Minister of Interior
- In office December 2012 – May 2013
- Prime Minister: Ali Zeidan
- Preceded by: Fawzi Abdel A'al
- Succeeded by: Mohammed Khalifa Al Sheikh

Personal details
- Born: 1954 (age 71–72) Benghazi
- Alma mater: Benghazi University; Ain Shams University;

= Ashour Suleiman Shuwail =

Ashour Suleiman Shuwail (عاشور شوايل; born 1954) is a retired Libyan security officer who served as the minister of interior in the cabinet that was formed after the first democratic elections in July 2012.

==Early life and education==
Shuwail's family is from Benghazi. He was born there in 1954.

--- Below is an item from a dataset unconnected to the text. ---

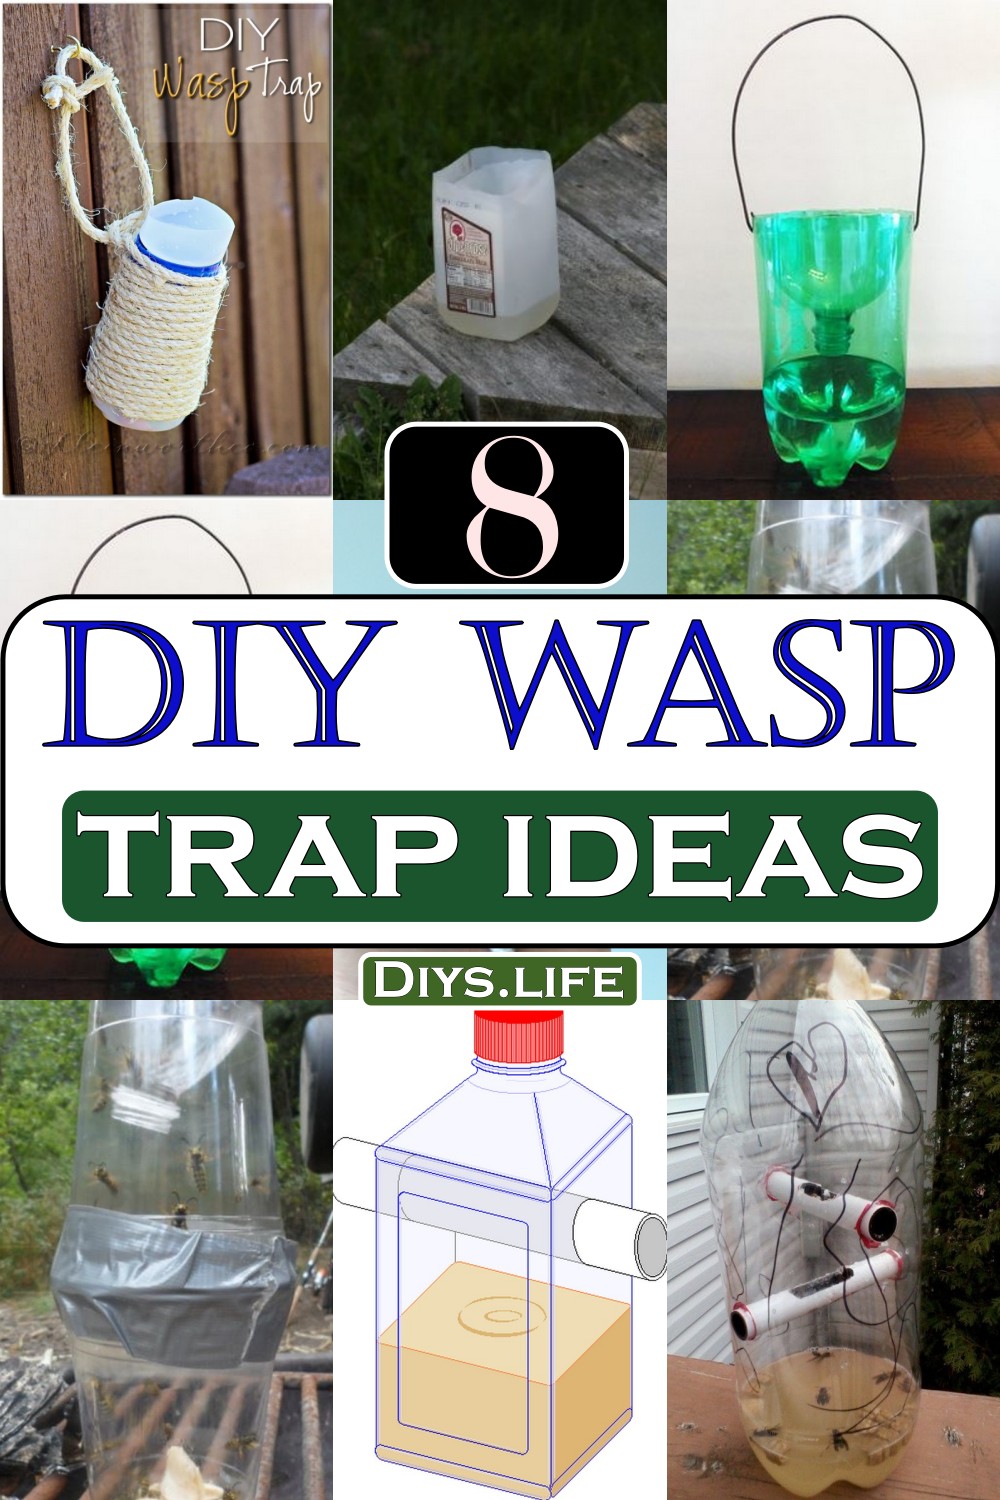 DIY Wasp Trap Ideas

Shuwail received a master's degree in law from Benghazi University in 1995 and a PhD in law from Ain Shams University in Egypt in 2000.

==Career==
Shuwail worked in the Libyan police forces. In October 2012, Shuwail was nominated for minister of interior by prime minister Ali Zeidan. However, the High Commission for the Application of Standards of Integrity and Patriotism that evaluated the suitability of nominees declared that four nominees, including Shuwail, did not endorsed him as interior minister. However, at the beginning of December 2012, he won the case against the verdict of the commission and was officially appointed as minister.

On 21 May 2013, Shuwail resigned from office for "personal reasons". Mohammed Khalifa Al Sheikh replaced him in the post on 26 May 2013 after the Libyan congress approved him.